Judge questions Hudson County's 'rush' to award prison contract

Judge questions Hudson County's 'rush' to award prison contract

December 03, 2009  Jersey Journal

A superior court judge today questioned why the county rushed to award a prison medical services contract before getting the report of an expert it had hired.

“Why was there a rush to enter into the contract when they were spending money on an expert to see if the original contract was too much money,” Superior Court Assignment Judge Maurice Gallipoli asked attorney Edward J. Florio today.

The county Board of Freeholders hired Chicago doctor Ron Shansky in March to review its proposal for medical services at the county jail and juvenile correctional facility after bids came in high.

But before Shansky submitted his findings, the freeholders moved in April to hire Correctional Health Services of Verona to provide services for $29.7 million.

CHS outbid Evesham-based CFG Health Services, which submitted a $38.3 million proposal.

But in August, after Shansky submitted his report, the freeholders amended the contract with CHS, reducing staffing by 35 percent, bringing the new contract to $22 million.

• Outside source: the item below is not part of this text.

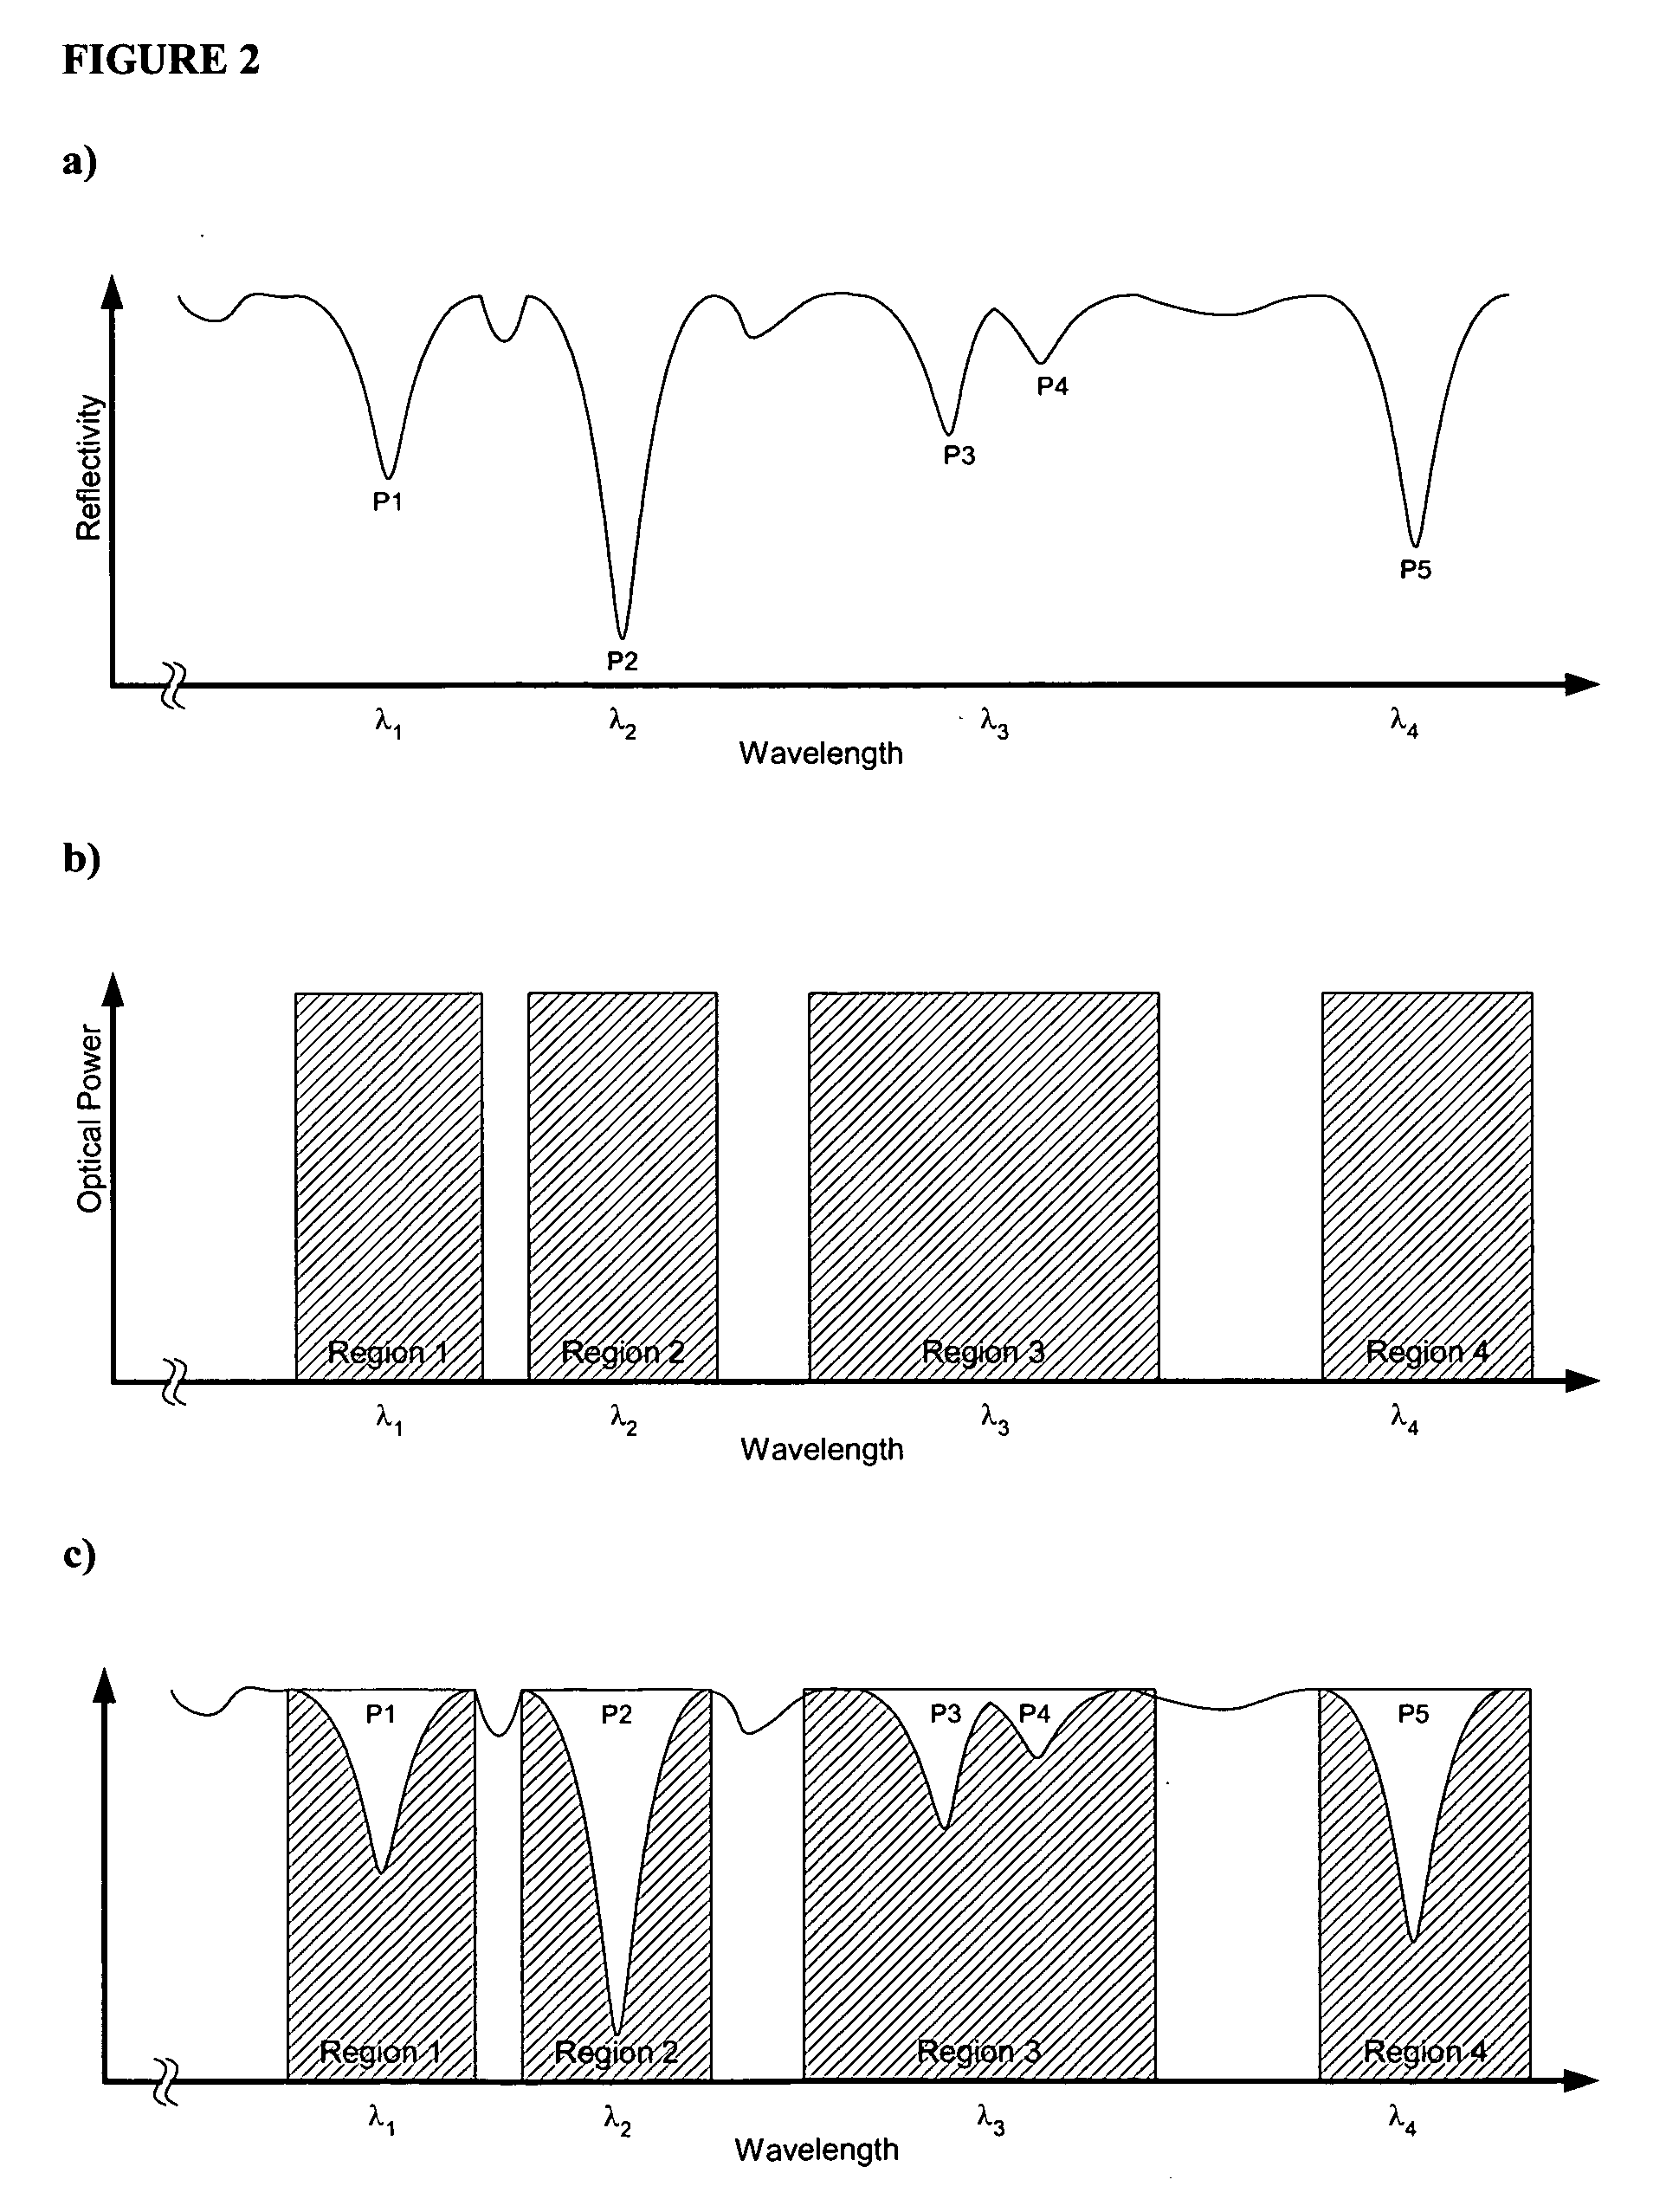 System and method for measuring arterial vessels using near infrared spectroscopy at simultaneous multiple wavelengths

Gallipoli said he wasn’t accusing the county of anything “nefarious” but that choosing to not seek new bids could be seen as questionable.

“A favored bidder could be told, ‘Bid low, get the contract, because we’re going to reduce the services,’” he said. “That’s what a suspicious person or public could conceivably think.”

Gallipoli heard arguments from lawyers representing CFG, CHS and the freeholders for about two hours in his courtroom on Newark Ave. in Jersey City.

CFG filed a suit last month accusing the county of circumventing the law when it awarded a contract for prison medical services to a former county employee who also contributed to a sitting freeholder’s campaign fund.

While CFG officials have said the suit is likely the first in the state to challenge a contract using the state’s pay-to-play law that issue didn’t come up in court today.

CFG contends in its brief that a $1,000 political donation made to Freeholder Anthony Romano should have disqualified the winning company from bidding.

Geoffrey Perselay, president of Correctional Health Services of Verona and a former county administrator who once served as acting jail warden, made the donation on May 30, 2008. His company was awarded the contract in April of this year.

The suit charges that the state’s pay-to-play law prohibits the county from awarding a contract above $17,500 to a business that had made a reportable contribution to an elected county official within the previous year.

Maeve Cannon, CHS’ attorney, argued that CFG should have been disqualified from the process for not submitting a complete bid. She also argued that the county has the right to amend a contract once it’s awarded.

But Richard Trenk, who represents CFG, contends that the county never had any intention of awarding the original contract and that new bids should have been sought based on Shansky’s recommendations.

Florio said the county was attempting to be transparent when it voted on the contract amendment.

If Gallipoli rejects the amendment, the freeholders would have to decide what to do about the original contract. Gallipoli said he did not feel he had jurisdiction to discard the original contract.

He gave the lawyers until Dec. 11 to submit written summaries and said he would then rule on the case.